• [Work to be completed]: Print the data once more, exactly as given. Drop the pictures.

• [Provided data]:
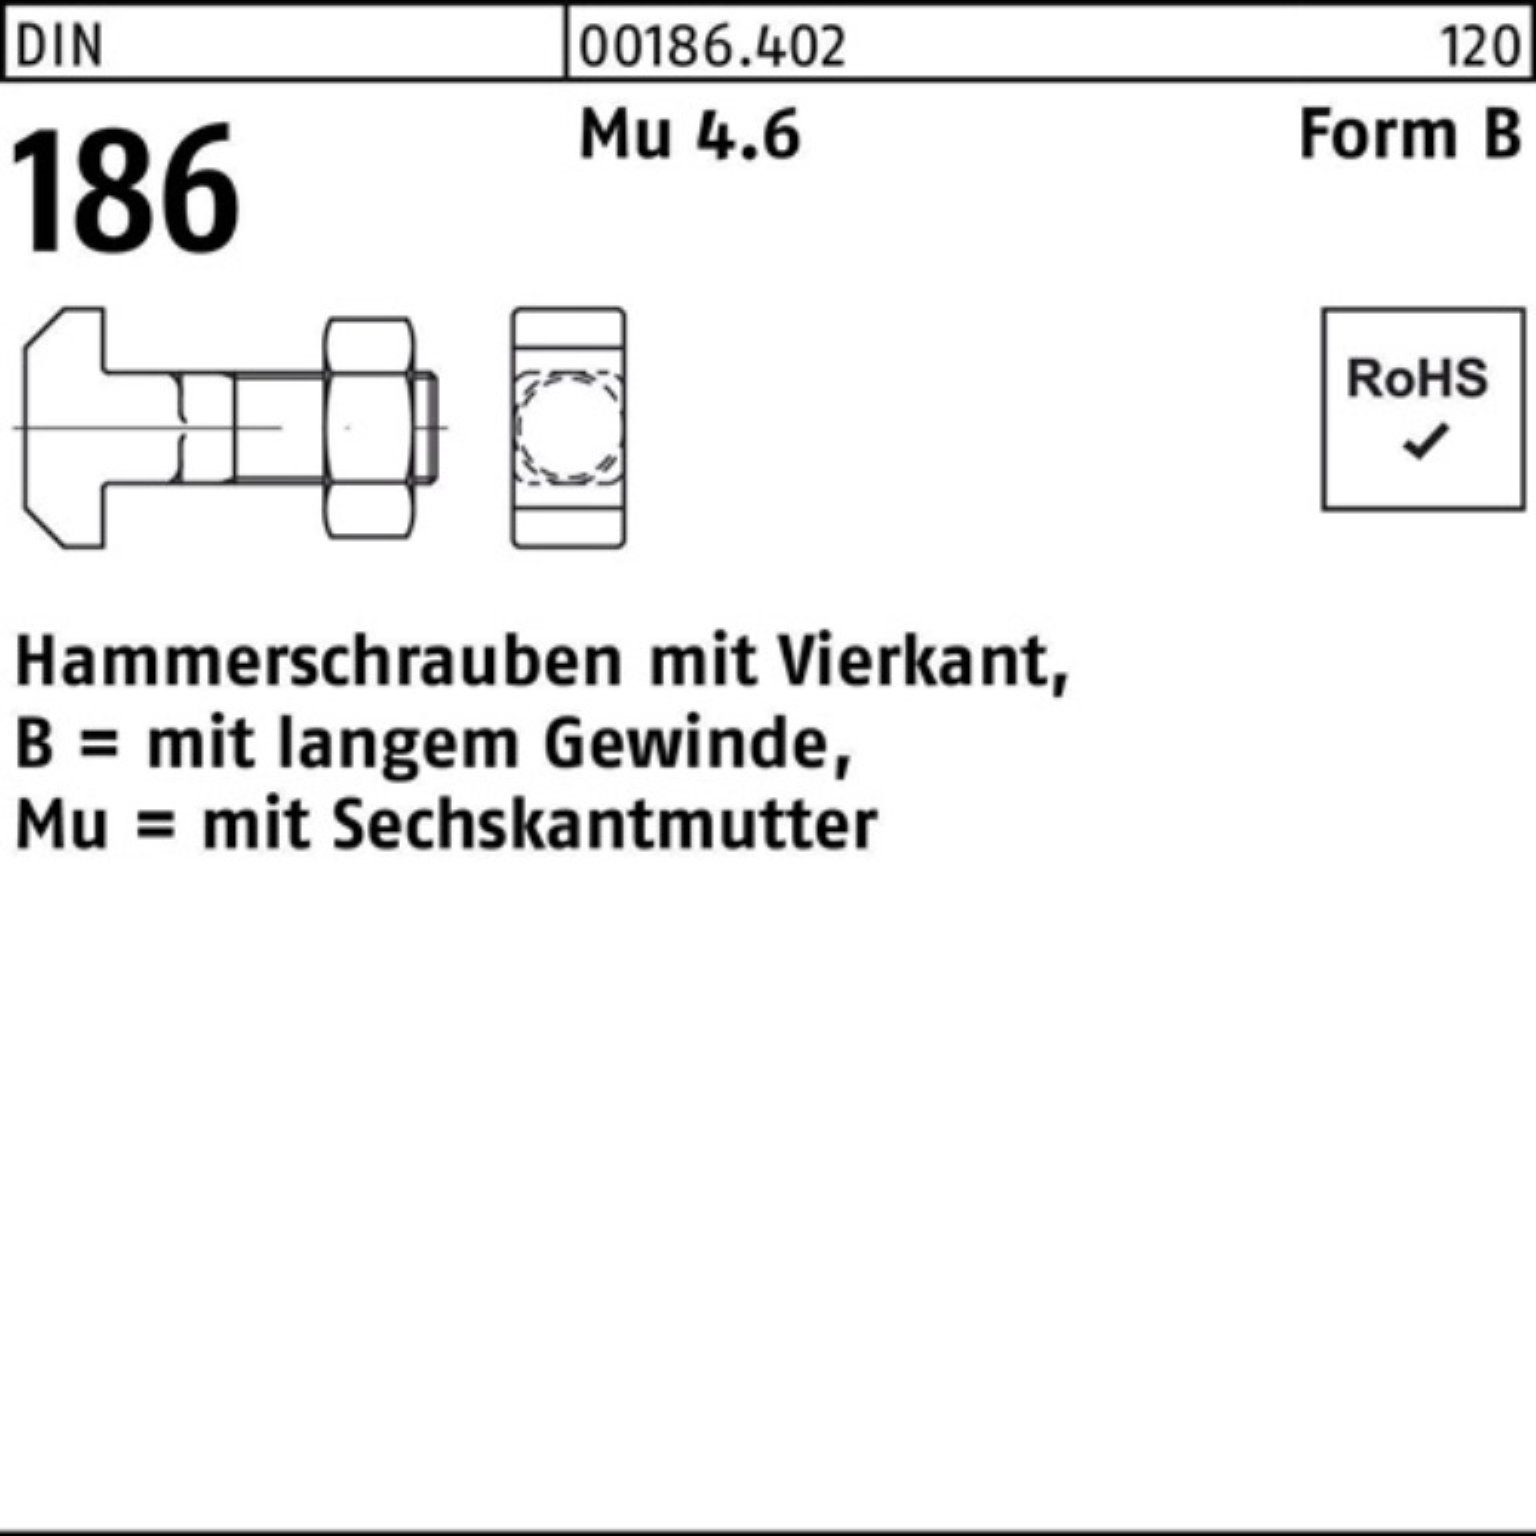 Pack DIN Vierkant 186 120 FormB Reyher BM Hammerschraube 6-ktmutter Schraube 20x 100er
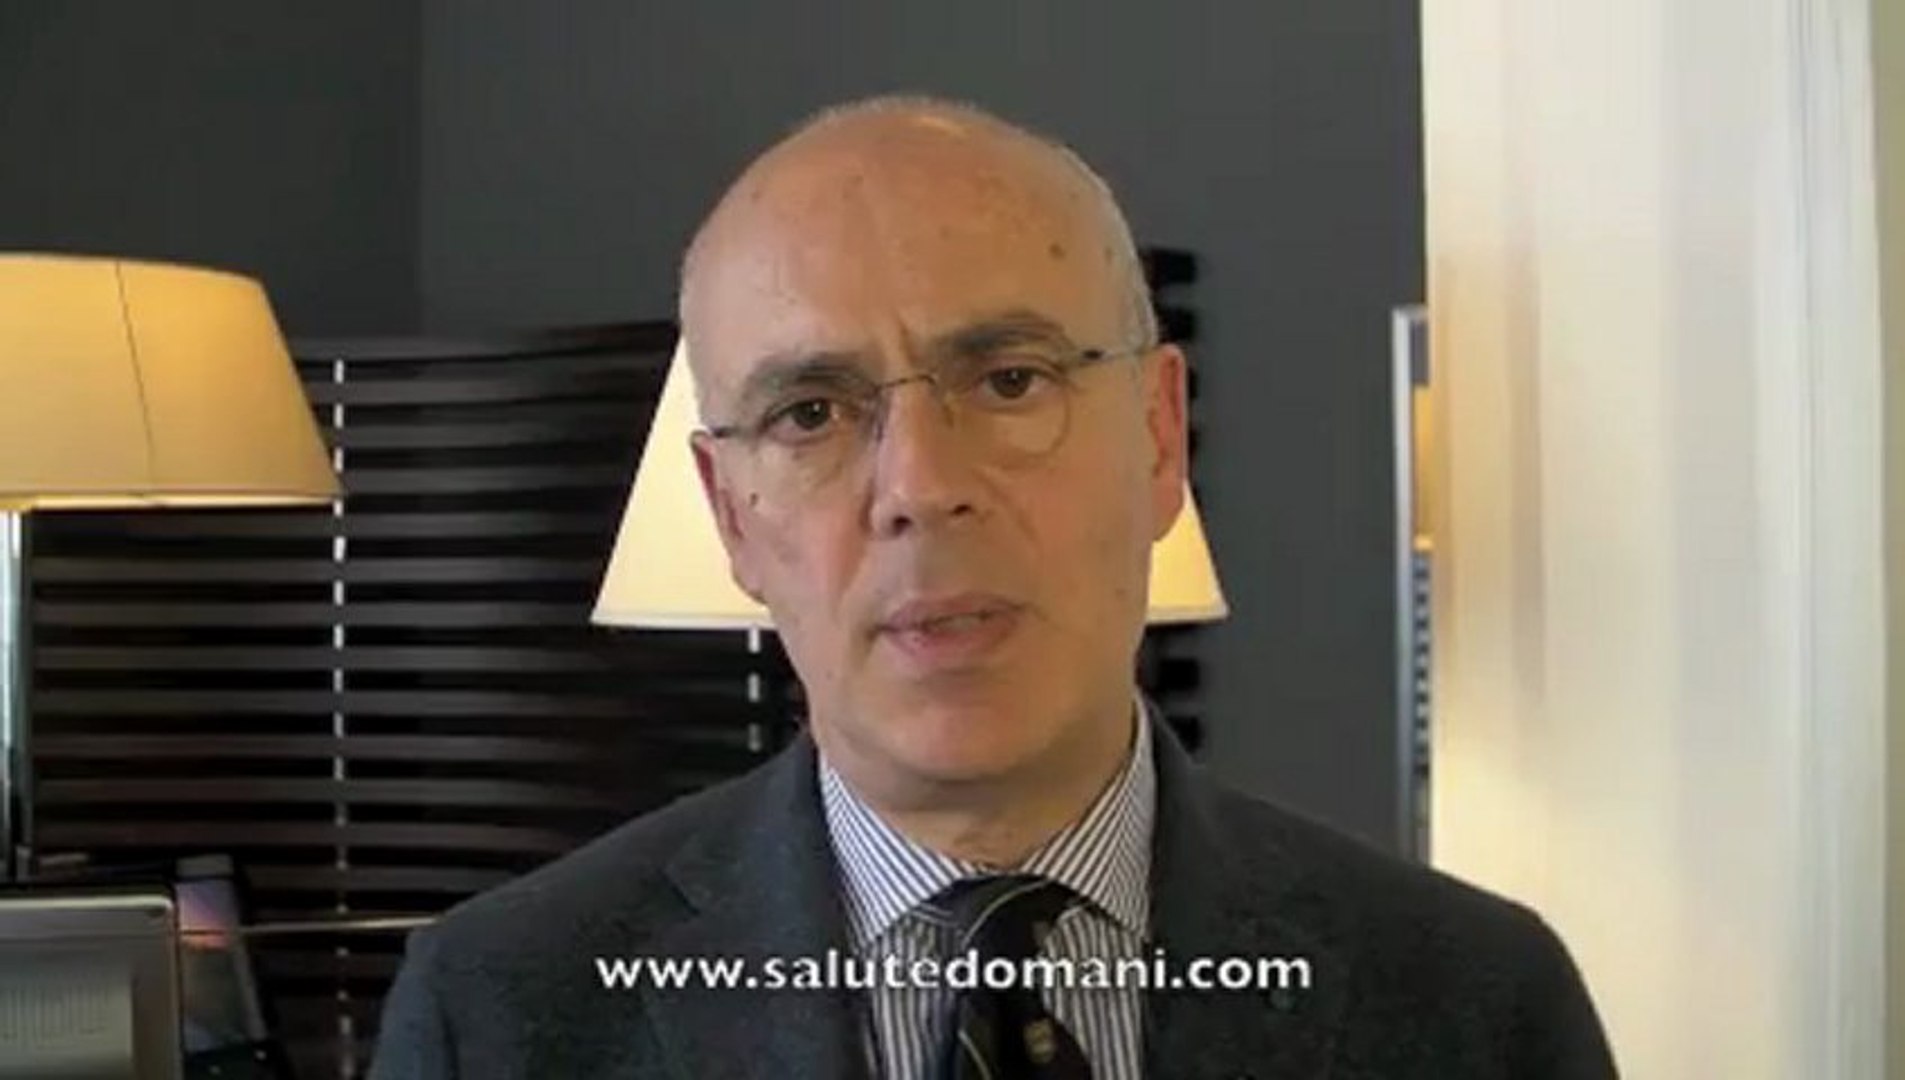 Terapia occhi, come agisce ranibizumab (Lucentis*) - intervista prof. F.  Bandello, Milano - Video Dailymotion
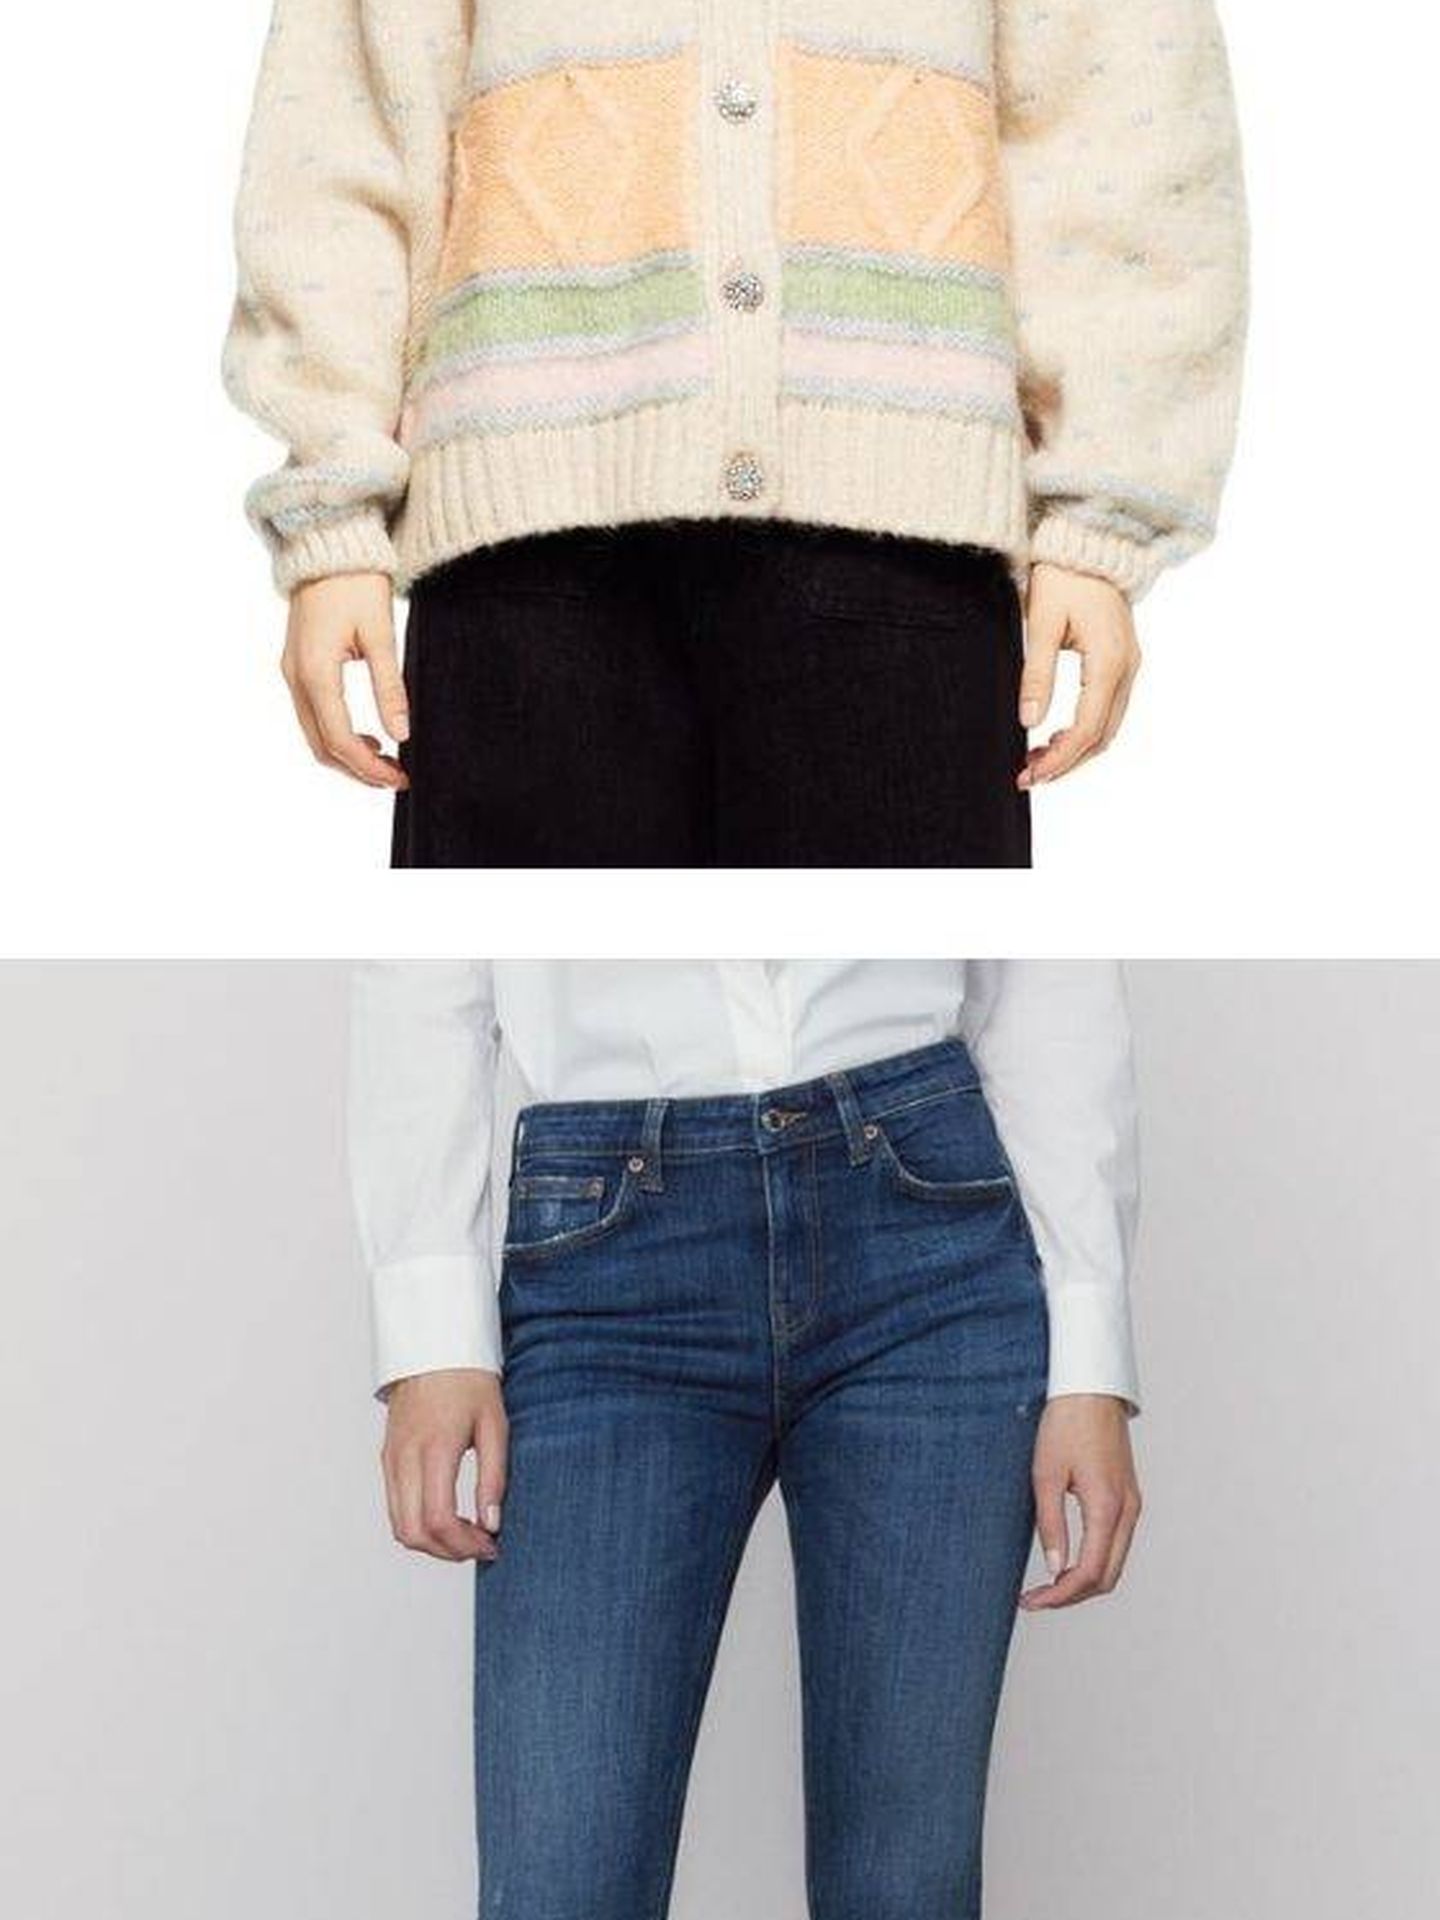 Vaqueros y chaqueta de Zara. (Instagram, @rocio0sorno)
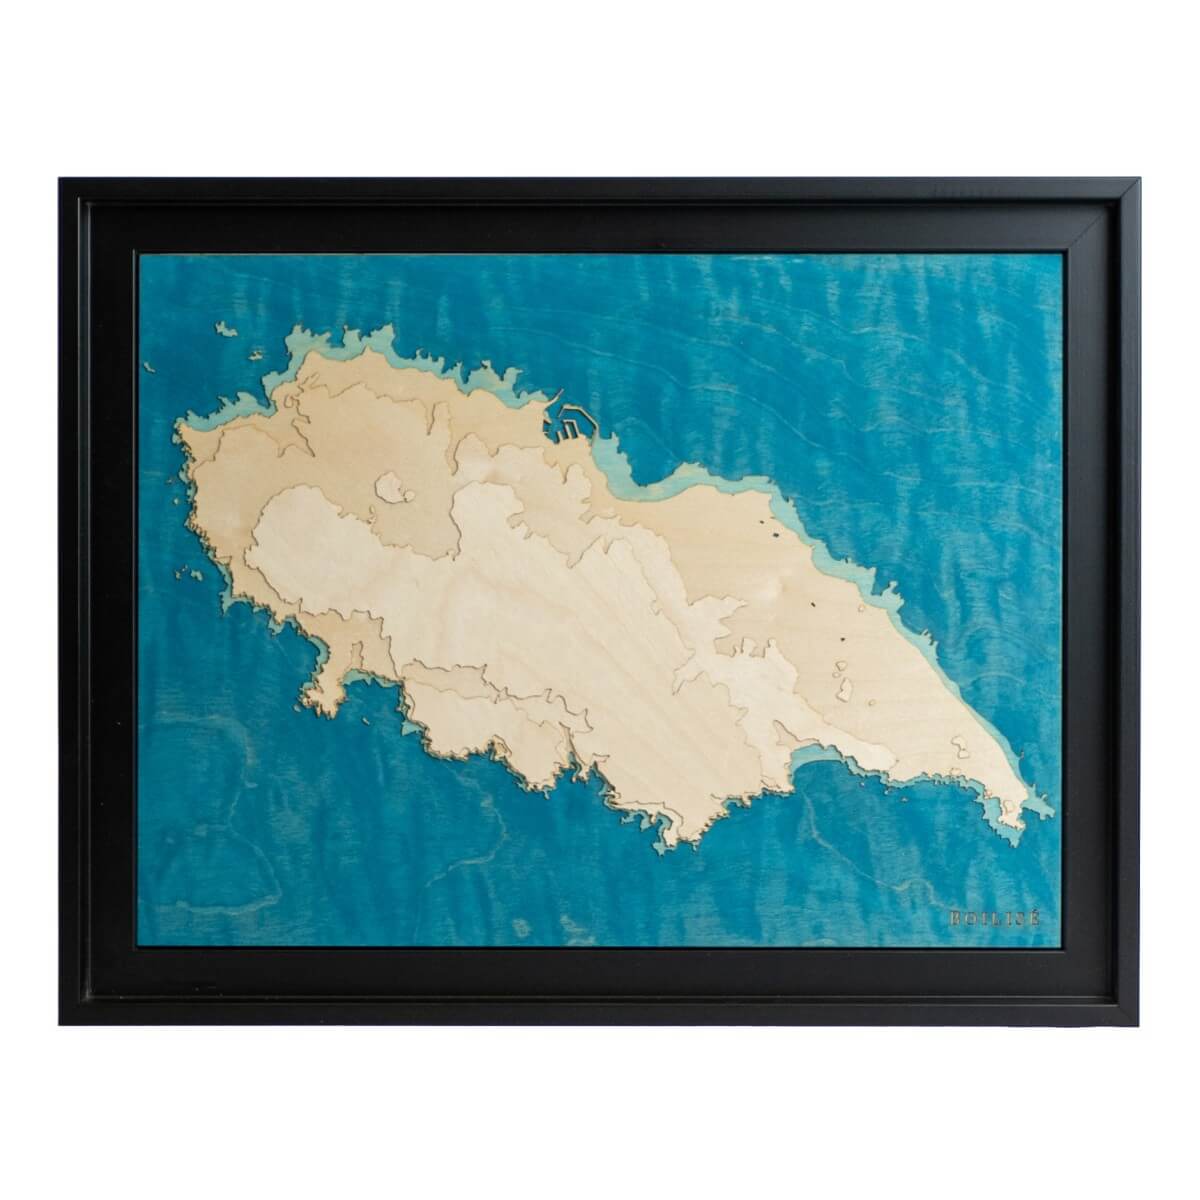 L'île d'Yeu dans une carte en bois et en relief

• [Answer section]:
 Pack DIN Vierkant 186 120 FormB Reyher BM Hammerschraube 6-ktmutter Schraube 20x 100er
 Terapia occhi, come agisce ranibizumab (Lucentis*) - intervista prof. F.  Bandello, Milano - Video Dailymotion
 Vaqueros y chaqueta de Zara. (Instagram, @rocio0sorno)
 L'île d'Yeu dans une carte en bois et en relief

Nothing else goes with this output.